## What the task asks
Extract the full listing verbatim and drop any pictures from your copy.

** Opening The data block **

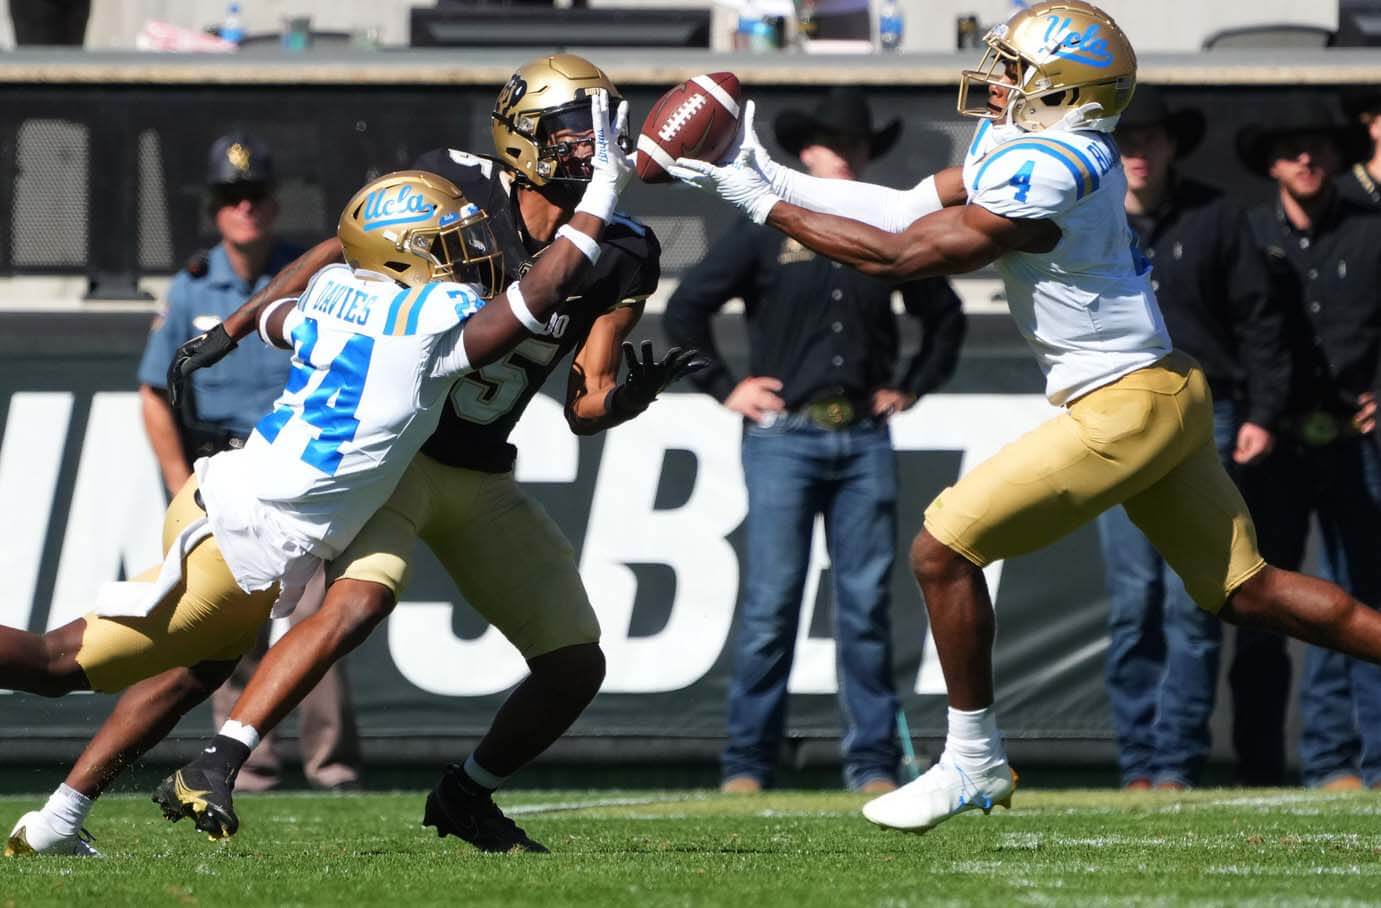 UCLA Bruins defensive back Jaylin Davies (24) and defensive back Stephan Blaylock (4) break up a pass to Colorado Buffaloes wide receiver Chase Sowell (15) in the second half at Folsom Field.
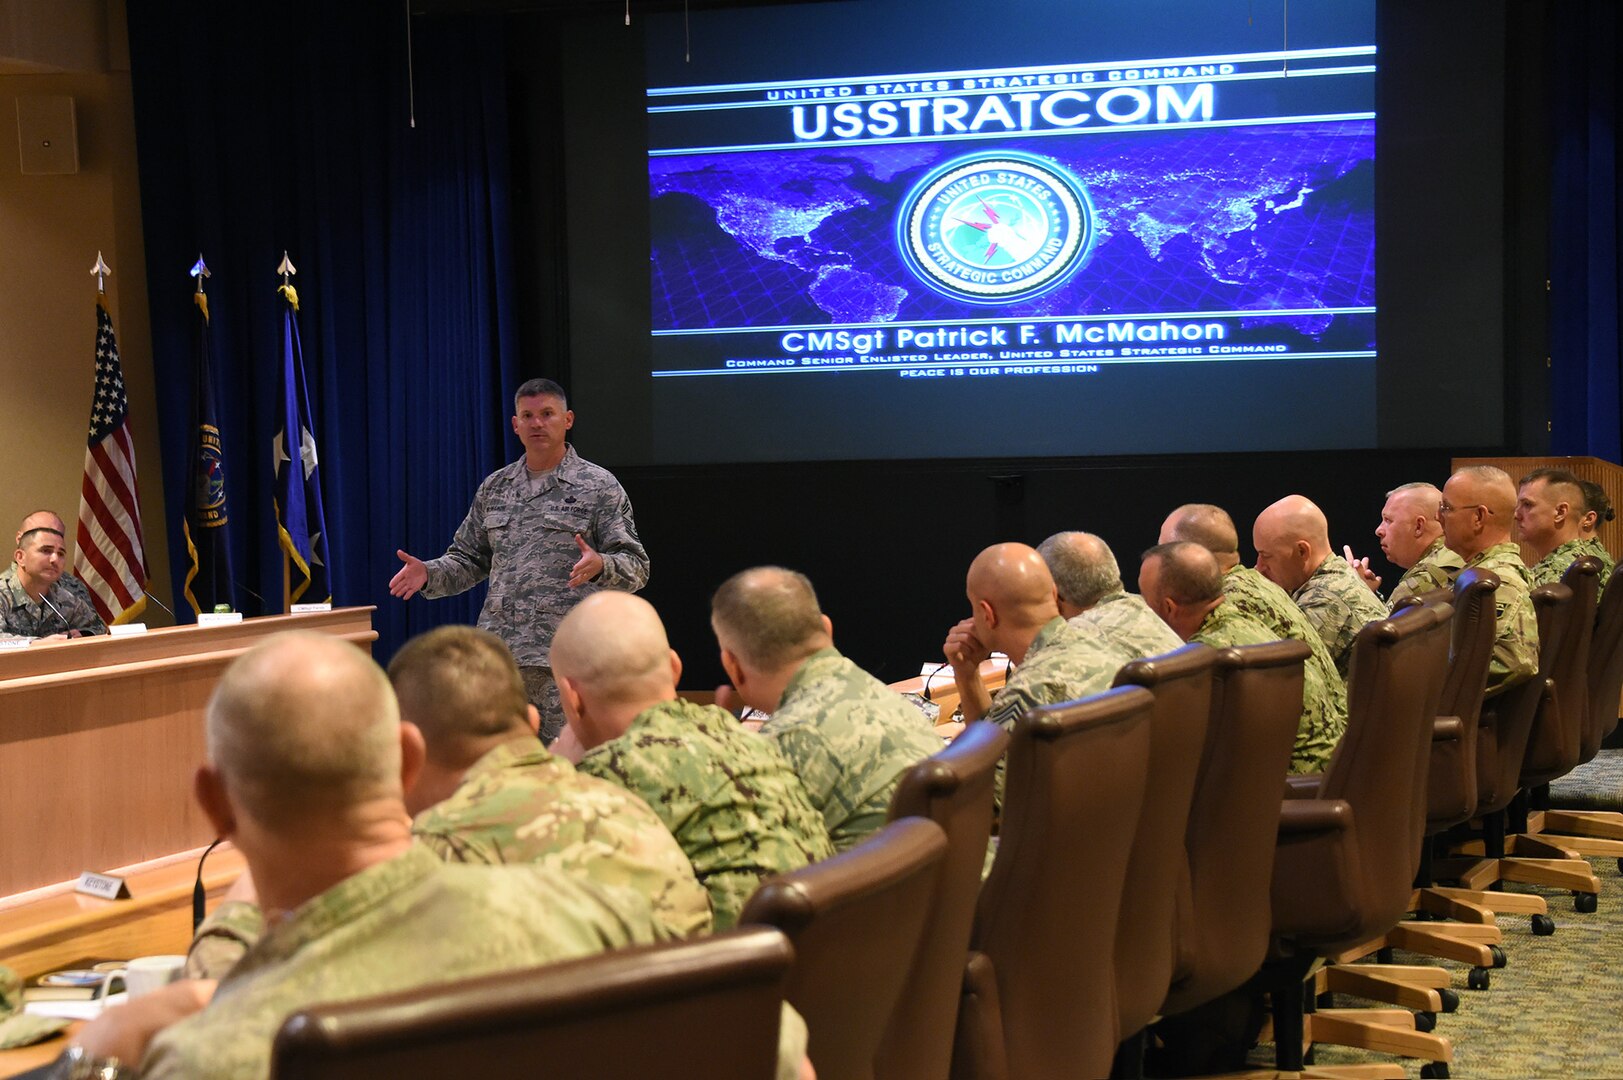 U.S. Air Force Chief Master Sgt. Patrick McMahon, senior enlisted leader of U.S. Strategic Command (USSTRATCOM), briefs Keystone 18-2 participants in the Dougherty Conference Center at Offutt Air Force Base, Neb., June 12, 2018. McMahon discussed USSTRATCOM’s missions and capabilities and the importance of mentoring the next generation of command senior enlisted leaders (CSELs). The Keystone course educates CSELs who currently, or will, serve in a general or flag officer-level headquarters. CSELs in the Keystone course visit combatant commands and receive briefings to understand their missions, roles, responsibilities and organizational structures. U.S. Strategic Command has global responsibilities assigned through the Unified Command Plan that include strategic deterrence, nuclear operations, space operations, joint electromagnetic spectrum operations, global strike, missile defense, and analysis and targeting.
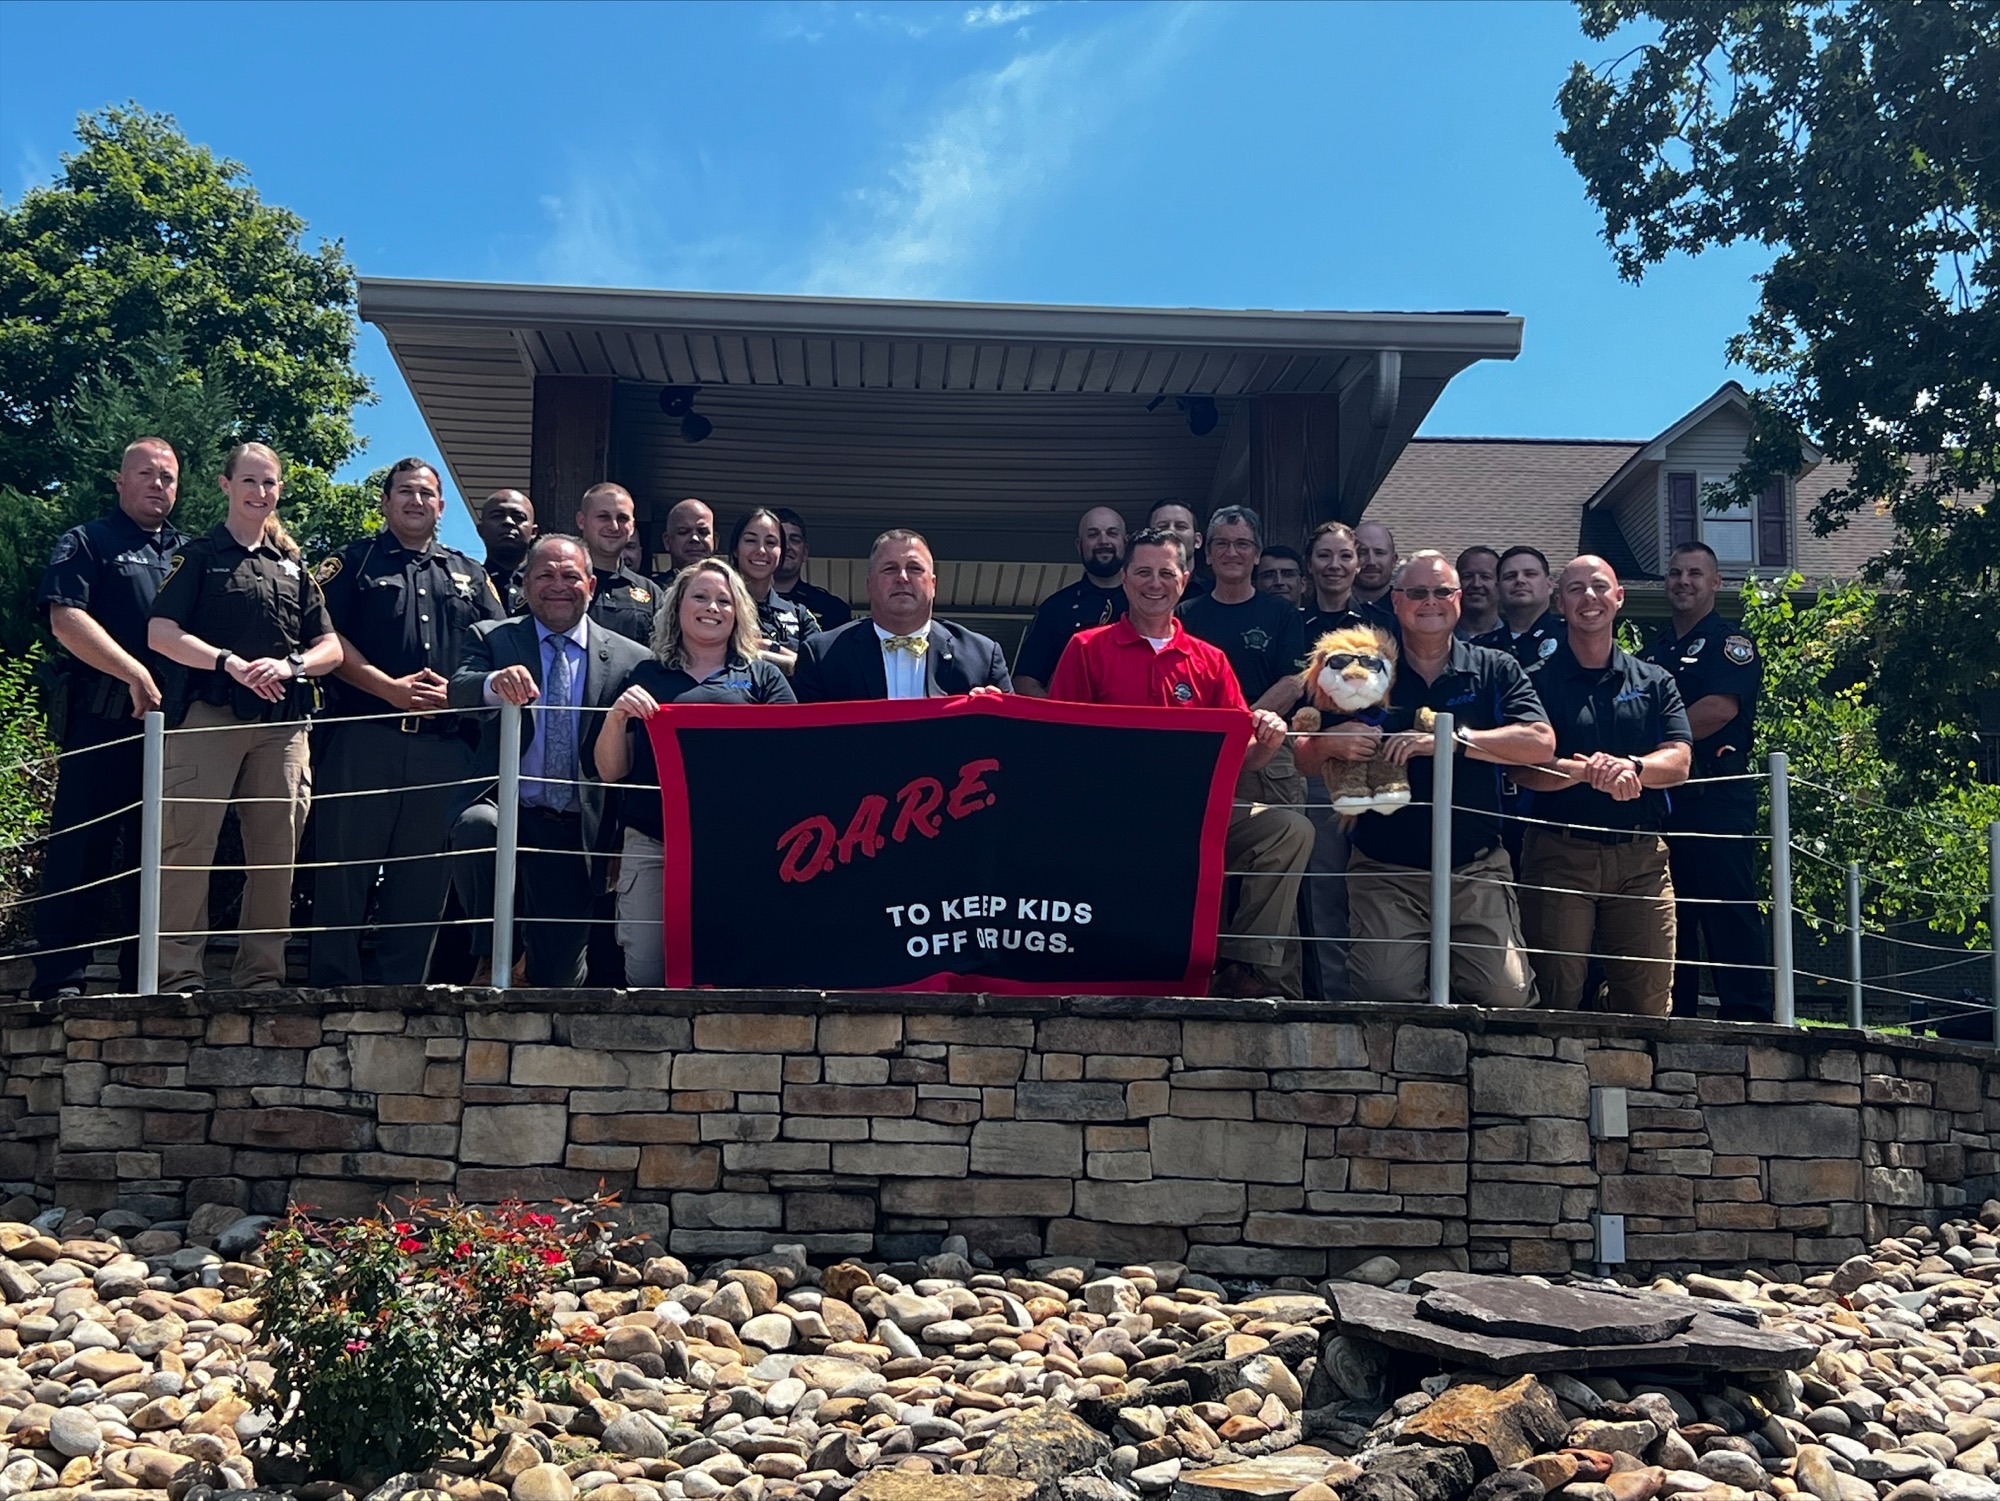 Class Photo from Kentucky's D.A.R.E. Officer Training #73 held on August 8 – 19, 2022 in Burkesville, KY

** Closing The data block **

## Expected answer
 UCLA Bruins defensive back Jaylin Davies (24) and defensive back Stephan Blaylock (4) break up a pass to Colorado Buffaloes wide receiver Chase Sowell (15) in the second half at Folsom Field.
 U.S. Air Force Chief Master Sgt. Patrick McMahon, senior enlisted leader of U.S. Strategic Command (USSTRATCOM), briefs Keystone 18-2 participants in the Dougherty Conference Center at Offutt Air Force Base, Neb., June 12, 2018. McMahon discussed USSTRATCOM’s missions and capabilities and the importance of mentoring the next generation of command senior enlisted leaders (CSELs). The Keystone course educates CSELs who currently, or will, serve in a general or flag officer-level headquarters. CSELs in the Keystone course visit combatant commands and receive briefings to understand their missions, roles, responsibilities and organizational structures. U.S. Strategic Command has global responsibilities assigned through the Unified Command Plan that include strategic deterrence, nuclear operations, space operations, joint electromagnetic spectrum operations, global strike, missile defense, and analysis and targeting.
 Class Photo from Kentucky's D.A.R.E. Officer Training #73 held on August 8 – 19, 2022 in Burkesville, KY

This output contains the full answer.